By Thomas Edwards
Like many regulated industries, the financial industry is global. It requires a global approach to selling and producing localization. The special emphasis of this article is on opportunities in the U.S. Market – however, many other opportunities exist throughout the world for a savvy and eager translation company, or even an individual financial translator.
As the saying “follow the money” goes, I will start with the crown jewel of financial services localization – namely localization of research content for investment banks (or iBanks). There are many other types of financial organizations or types of projects – many of which are traditional and do not deviate tremendously from any other standard localization project.
Equities research for iBanks requires a special operational execution model – one that is based on speed and quality. Financial institutions are generally willing to pay significant premiums to be able to release their translated content first, with the highest-quality possible – ahead of their competitors. A nimble and customer focused translation company – or translator – can reap the benefits of helping iBanks be first to market.

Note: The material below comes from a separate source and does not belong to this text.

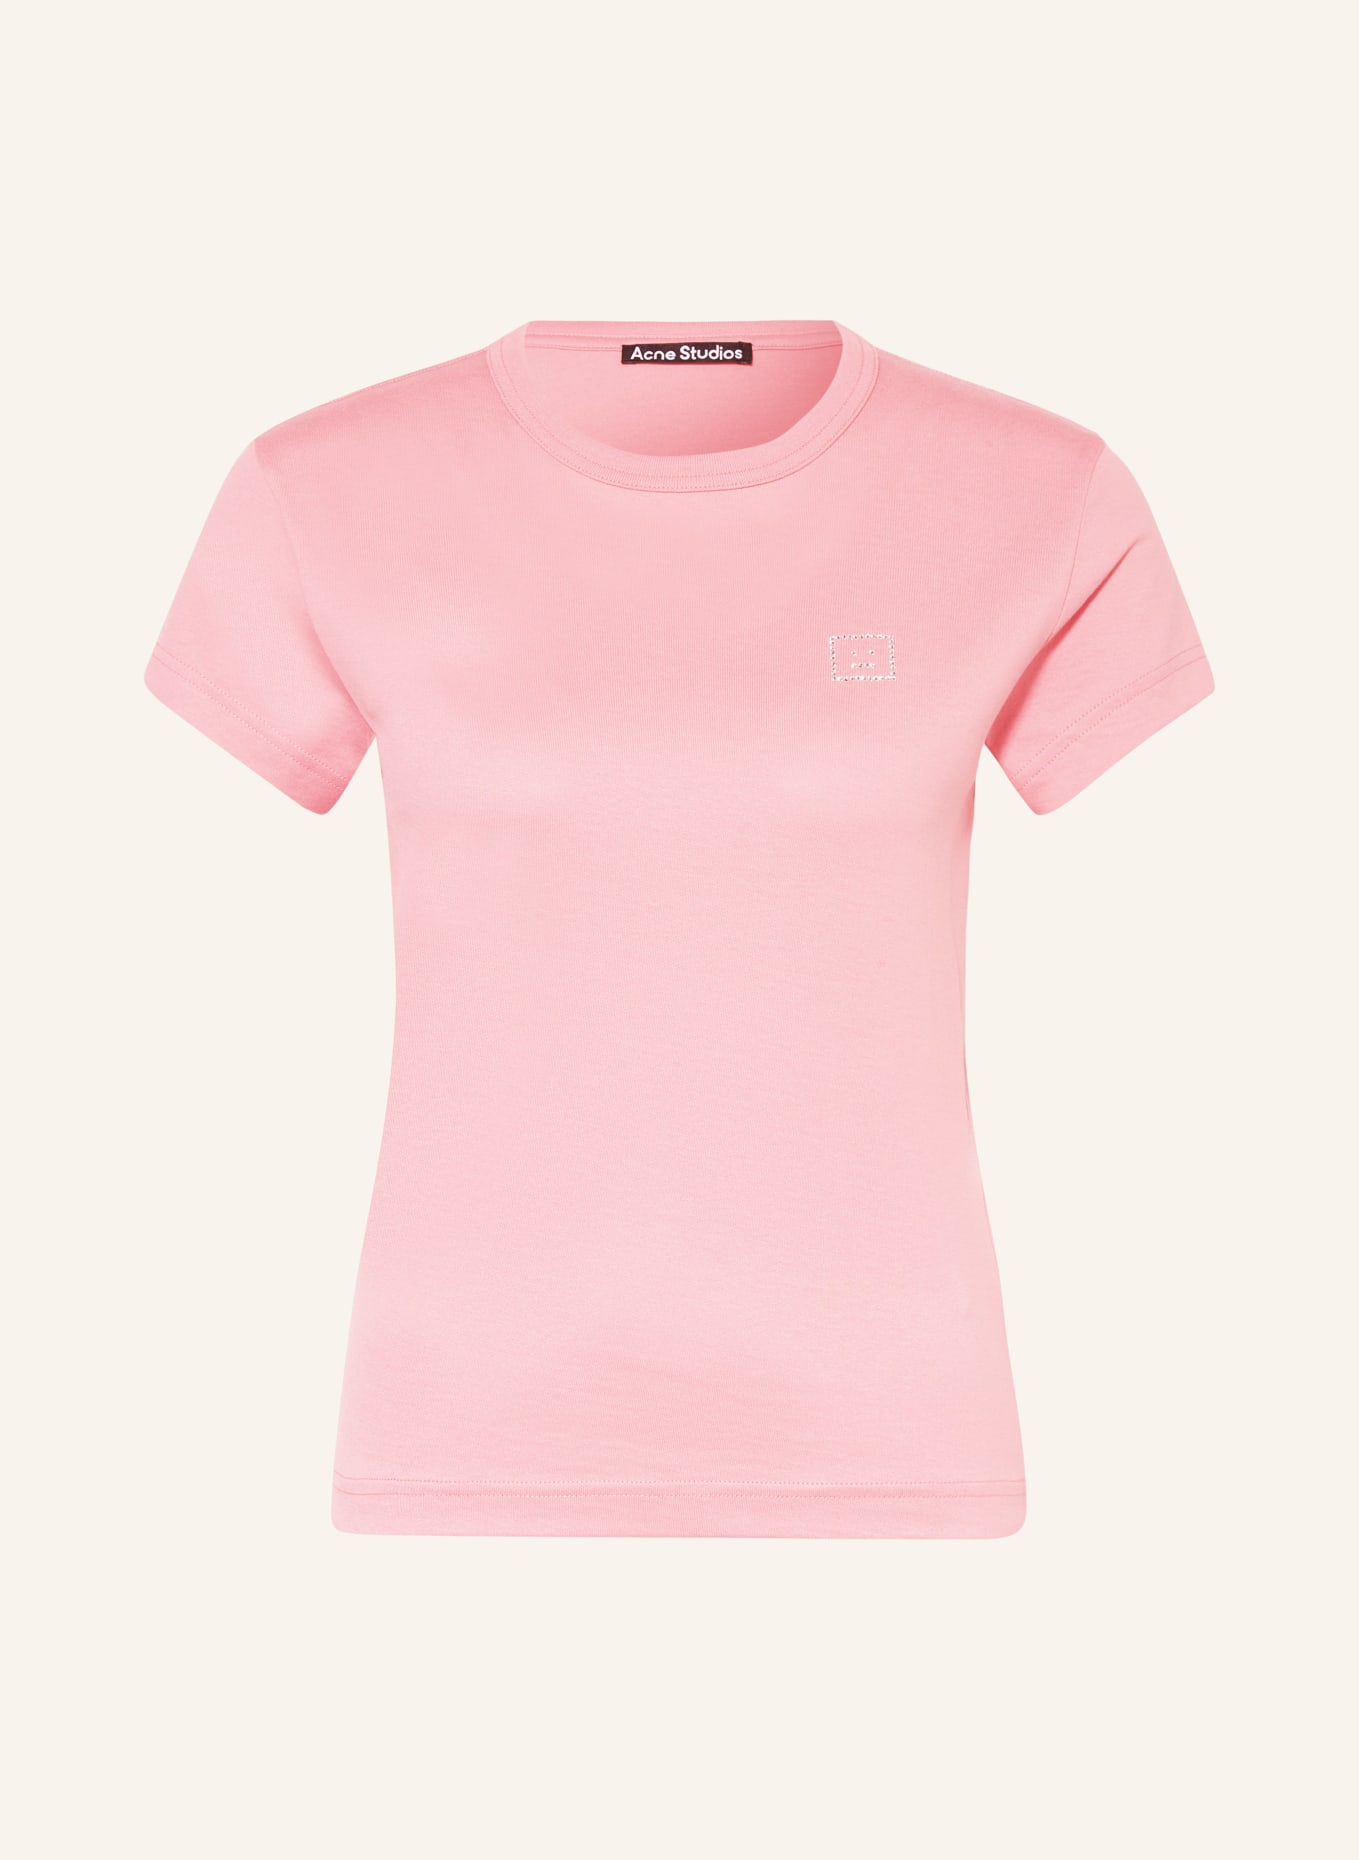 Acne Studios T-Shirt mit Schmucksteinen, Farbe: PINK (Bild 1)

Localization for iBanks is one of the areas that has the most potential for growth in profit and solid revenue in the coming years for translators. The global political picture is changing by the minute, and financial investors are hungry for information and research to help guide their investment strategies in these uncertain times.
These translation projects tend to be more complex. The bulk of the investment banking localization needs reside within the Research department of the iBanks – typically for Equities Research (Stocks) and Fixed Income (Bonds), research on individual companies, markets or industries. Other types of localization may be required, such as Account Statements or Disclosure for significant Private Equity investors.
Time is critical for research localization. Research departments of iBanks is the source of the bulk of the localization spend. Clients can also be independent research firms not tied to any specific iBank. Cycles of high-demand for fast localization tend to match the global Earnings Seasons every quarter (US first, Europe next and then Asia, etc.).
During earnings seasons, the global Research departments of iBanks or Research Companies have hundreds of short reports issued (about 200 to 500 target words on average) to localize with turnaround times that are extremely short, many times within 1 or 2 hours or even less. The Chinese and Japanese earnings seasons produce thousands of reports to localize into US English (the world standard in the financial world).
Equities Research/Stock guidance (“Buy, Sell, Hold”): These come in sporadically between earnings seasons and are usually fairly short reports of about 300 to 500 target words each. These reports often contain tables and charts and require expert localization resources.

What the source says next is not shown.